Having been back in New Delhi for over two weeks now, I had some time to mull over the various discoveries I made during my trip. Here are some tips and observations on how to navigate post-pandemic travel.

Procurring a SIM in the USA may be painless but it weighs on your wallet

I was going to be in Washington DC for just over two weeks, and it seemed like a good idea to get a SIM card. Whether or not to do so (the other option being getting international roaming on your India number) has always been a point of contention among travellers, and it seems that nothing has changed post-pandemic. The process of getting a SIM may be fairly easy, but keeping it for multiple trips is a strain on your wallet. Just walk into a store that offers prepaid SIMs (like T-Mobile or AT&T), select a plan and voila, you’re done. Or so I thought. 

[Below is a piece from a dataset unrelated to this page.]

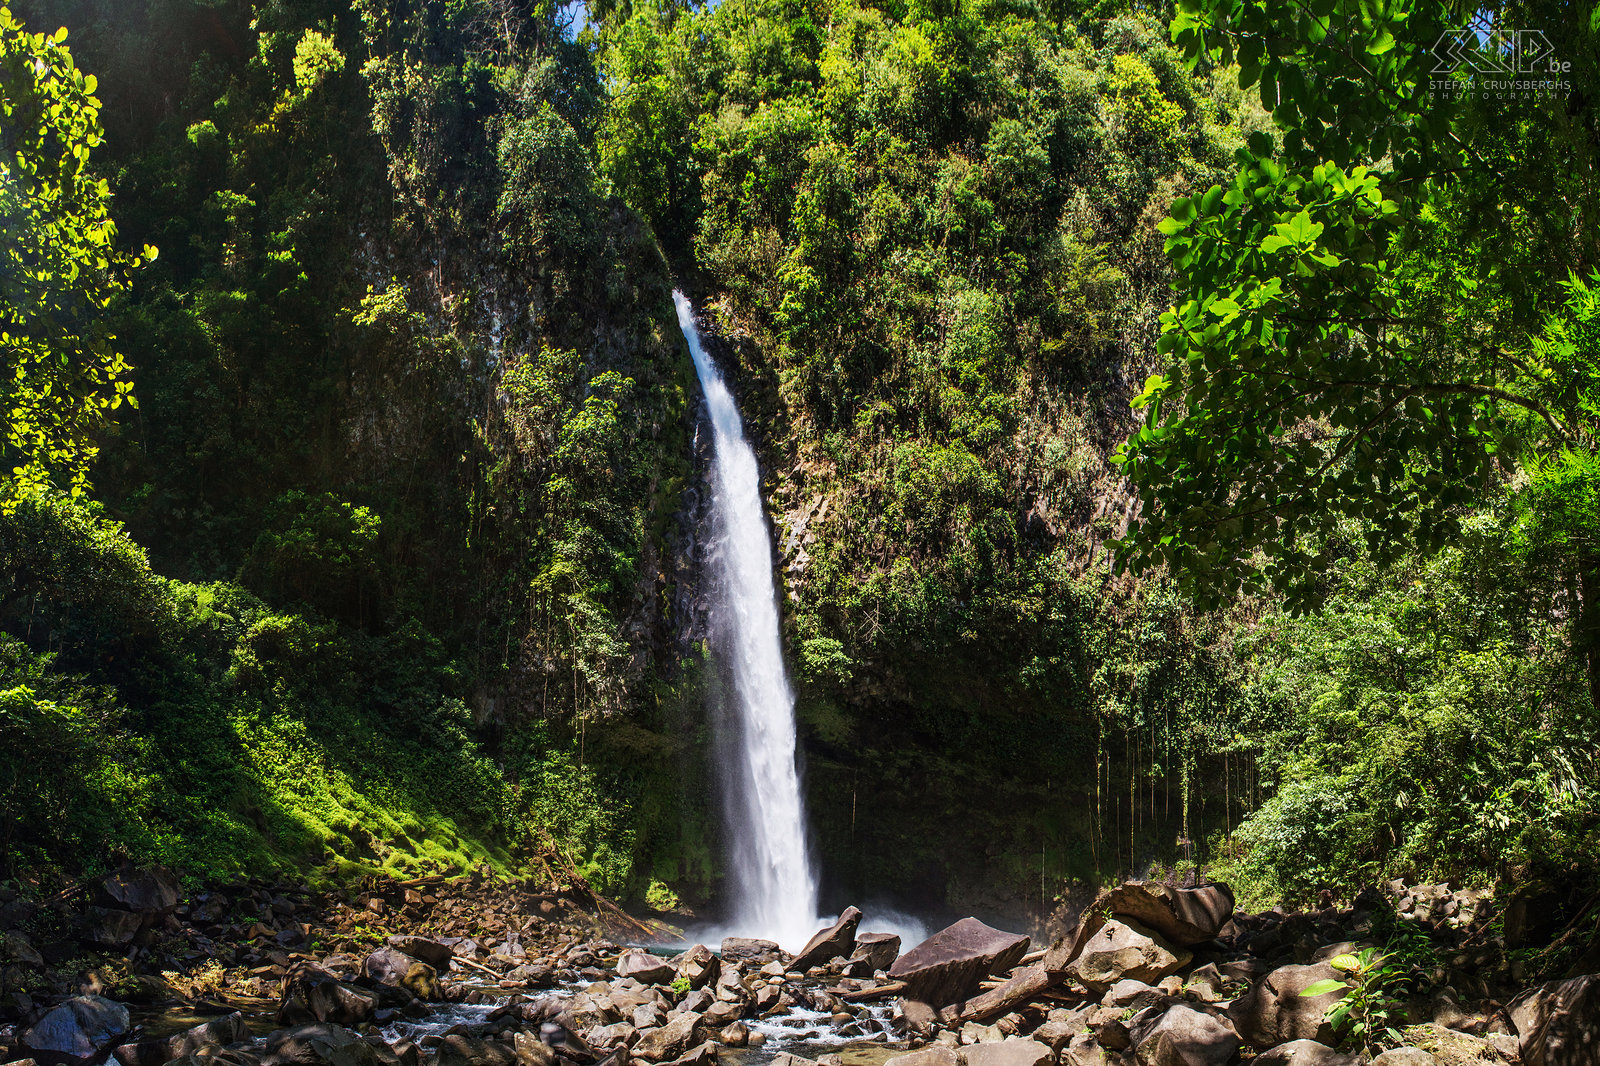 La Fortuna waterfall La Fortuna Waterfall is located near the city of La Fortuna near the Arenal volcano. The waterfall emerges from dense jungle before plummeting some 65m into an emerald pool below. Stefan Cruysberghs

I went to T-Mobile (one of the biggest national carriers in North America). A big chunk of the “plan” I got was the cost of the SIM card. I paid $38 (roughly 3,000) for 6GB of data for a month (there were no weekly plans). The plan itself was $25 with the rest of the cost being the SIM card ($10 or roughly 800). I could now talk, text and browse the internet anywhere in the country! Great, right? But wait. The T-Mobile plan has some quirks that’ll shock you if you’ve ever used a prepaid SIM in India. Yes, you can use your phone as a hotspot, but the speeds are severely throttled. If you want to use full speeds on the hotspot, you have to get a “higher costing” plan and “additional hotspot data”. In India, it comes with whatever plan you pick and at no extra charge.

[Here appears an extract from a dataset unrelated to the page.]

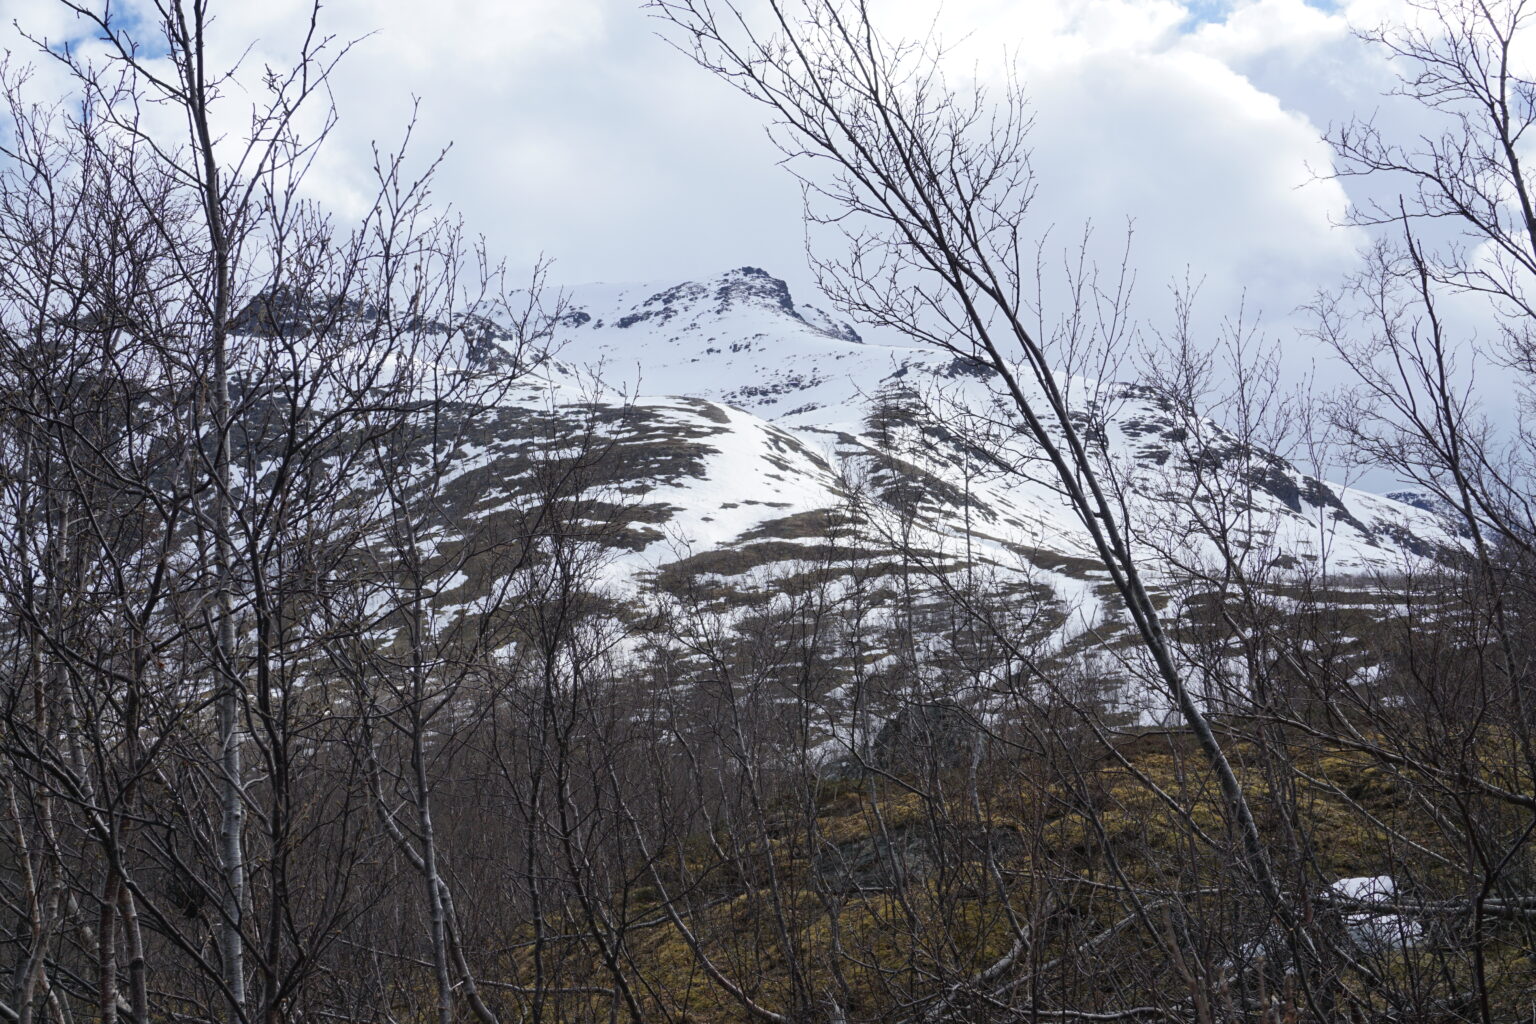 A closer look at Sommarfjellet

You’ve exhausted your data. Now what, you ask? Well, you’re out of luck. The speeds aren’t just throttled to 3G like they are in India, but you get zero mobile data after you’ve used up all your allowance. Worse, you can’t buy additional data until the month is over! At least with T-Mobile, that was the case. 

Say you have this SIM card with you and you're returning to the USA in a couple of months. The best option would be to safely keep the SIM card and use it on your next trip, right? Well, that’s what you would think. To keep the SIM active, and make use of the SIM card on your next trip, you have to pay a monthly fee (around $15 per month)! Otherwise, the SIM will be deactivated, and you’ll have to start the process from scratch on your next trip! Even if it isn’t about the money, what about the e-waste then?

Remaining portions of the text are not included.